It's snowing outside. Not very much of it is sticking, and it's beginning to slack off even now. Slowly but surely, though, the world is beginning to look a little whiter. The sharp corners humanity excels at creating are rounding out, turning into the softer shapes that nature loves. The world looks a little cleaner, now, so bright and scoured white by the clouds above.
In a day or two, the snow will be gone. It rarely sticks around long; it seems to have an allergy to the high plains. The sharp corners will be back, and only a few little bits of ice clinging to the shadows will remain to remind us of how the world changed, for a few shining minutes, into something spectacular.
I've forgotten where I was going with that. I'm sort of in love with description, and sometimes it takes over. Apologies.
Today was my last at work. Nearly a year ago, in late April of 2012, I became the newest team member at a local Chick-fil-A. I've spent nearly a year of my life handing people chicken and learning to be really good at it. Ask me a question about procedure, and I can probably answer you, at least so far as it extends to the front counter. I've made friends--and probably a couple enemies, too--and decided that people really are just as complicated as they are in books.
But now it's over. And I don't know quite what to think. On the one hand, I have days of freedom stretching before me. I don't have to worry about work. I don't have to put on a uniform and spend the best part of each day serving chicken. I don't have to say "my pleasure" anymore and put up with lemon juice getting into tiny cuts on my hands.
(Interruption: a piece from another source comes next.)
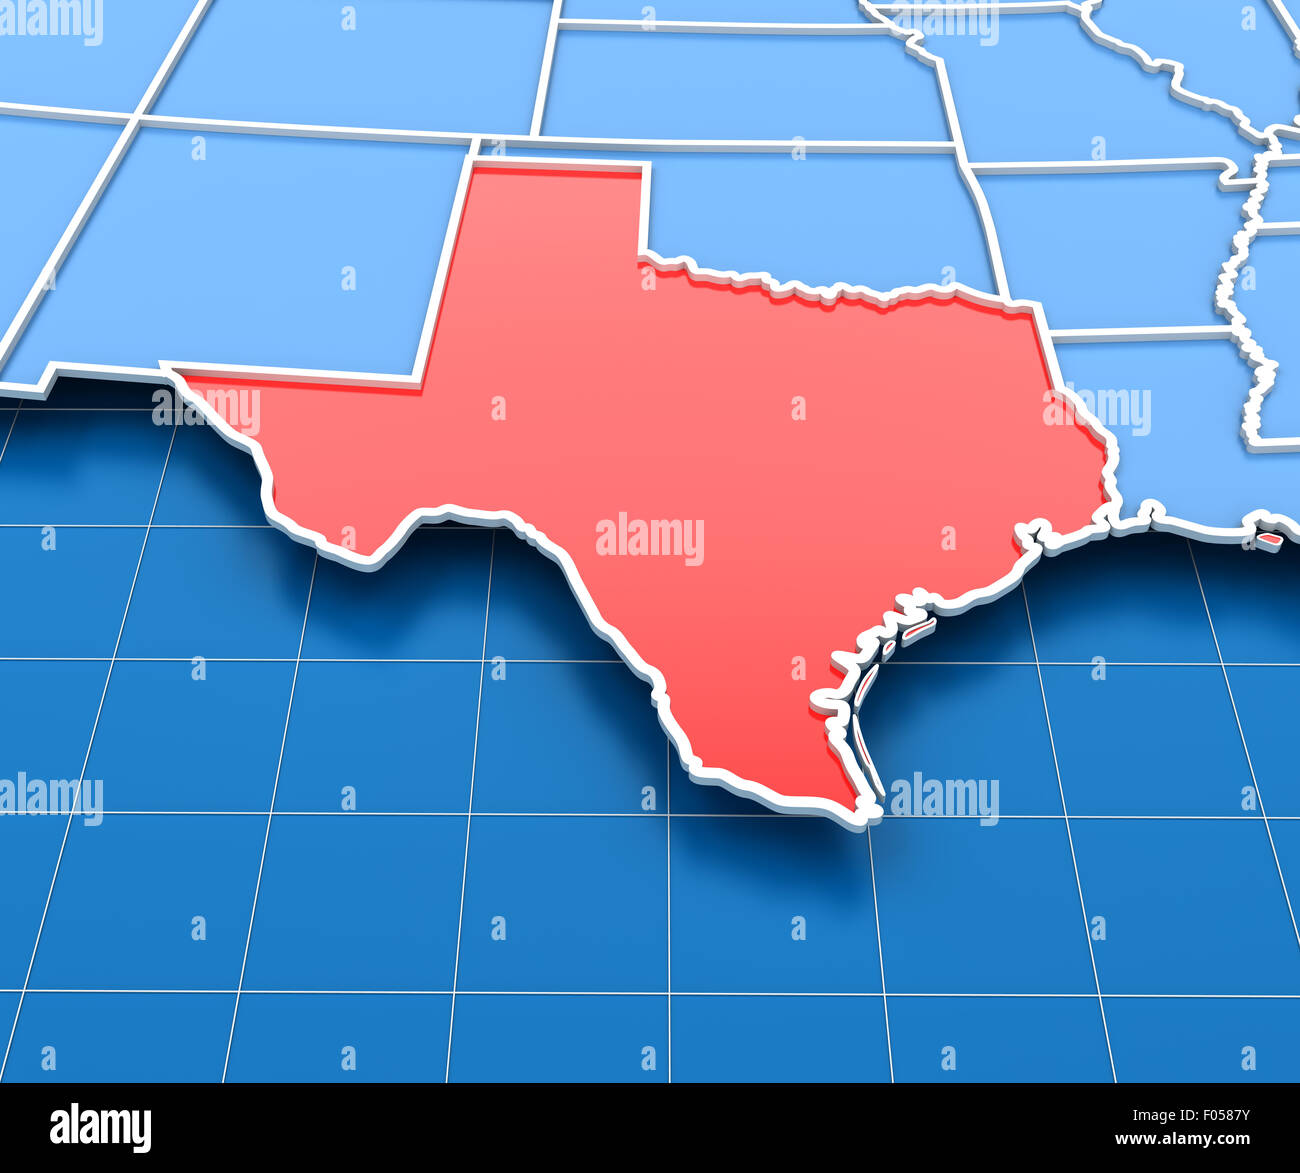 3d render of USA map with Texas state highlighted Stock Photo

But at the same time, a whole new chapter is opening up in my life. In a week, I will be leaving home for the longest stretch of time I ever have. I'll be heading to Warrenton, Missouri to attend the Children's Ministry Institute. I'm embarking on a completely foreign adventure, something I've never done before. And I'm going to confess something: I'm not very good with things I've never done before. I think that's maybe why I've stuck to writing, sitting in my room and playing with imaginary friends. They're simply facets of me, and me knows right where she is and what's going on. Even when I went overseas, to places I'd never been, on a journey I'd never undertaken, I had somebody else right alongside me to tell me what to do and where to go and when to do it.
And I'm leaving all that behind. I guess, in the end, I'm just afraid of change and I might eventually get over it and be able to, you know, function like an ordinary human being. But until then, I'll just go on being sort of lost with everything around me.